From biting to engulfment: curvature-actin coupling controls phagocytosis of soft, deformable targets

TL;DR

This study introduces a Monte Carlo membrane simulation framework to explore how the mechanical properties of soft, deformable targets influence phagocytosis, revealing distinct regimes of engulfment and displacement relevant to immune responses.

Contribution

The paper develops a novel simulation approach to model phagocytosis involving flexible membranes, highlighting the role of target deformability in determining engulfment outcomes.

Findings

Identified three mechanical regimes: biting, pushing, and full engulfment.

Demonstrated that membrane tension influences transition between regimes.

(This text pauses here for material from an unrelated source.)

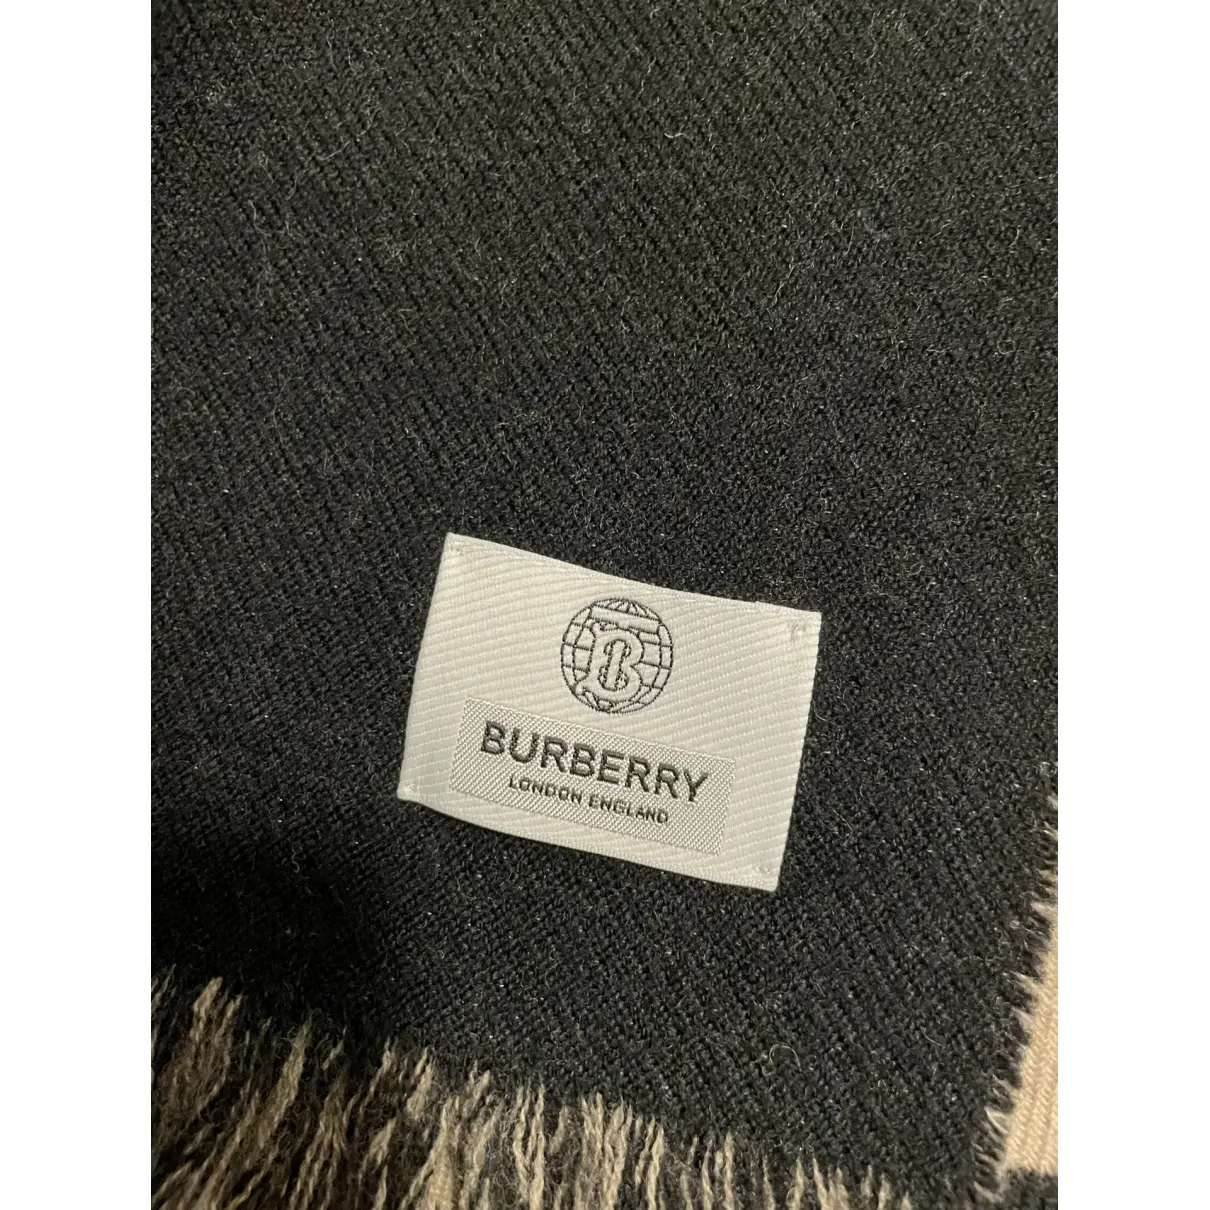 Buy Burberry Wool scarf & pocket square online

Supported simulation results with experiments on GUVs and lymphoma cells.

Abstract

Phagocytosis is a fundamental process of the innate immune system, yet the physical determinants that govern the engulfment of soft, deformable targets remain poorly understood. Existing theoretical models typically approximate targets as rigid particles, overlooking the fact that both immune cells and many biological targets undergo significant membrane deformation during contact. Here, we develop a Monte Carlo-based membrane simulation framework to model the interactions of multiple vesicles, enabling us to explore phagocytosis-like processes in systems where both the phagocyte and the target possess flexible, thermally fluctuating membranes. We first validate our approach against established observations for the engulfment of rigid objects. We then investigate how the mechanical properties of a soft target -- specifically membrane bending rigidity govern the outcome of phagocytic interactions. Our simulations reveal three distinct mechanical regimes: (i) biting or trogocytosis, in which the phagocyte extracts a portion of the target vesicle; (ii) pushing, where the target is displaced rather than engulfed; and (iii) full engulfment, in which the target is completely internalized. Increasing membrane tension via internal pressure produces analogous transitions, demonstrating a unified mechanical origin for these behaviours. Qualitative comparison with experiments involving Giant Unilamellar Vesicles (GUVs, deformable microparticles) and lymphoma cells supports the relevance of these regimes to biological phagocytosis. Together, these results highlight how target deformability fundamentally shapes phagocytic success and suggest that immune cells may exploit mechanical cues to recognize among different classes of soft targets.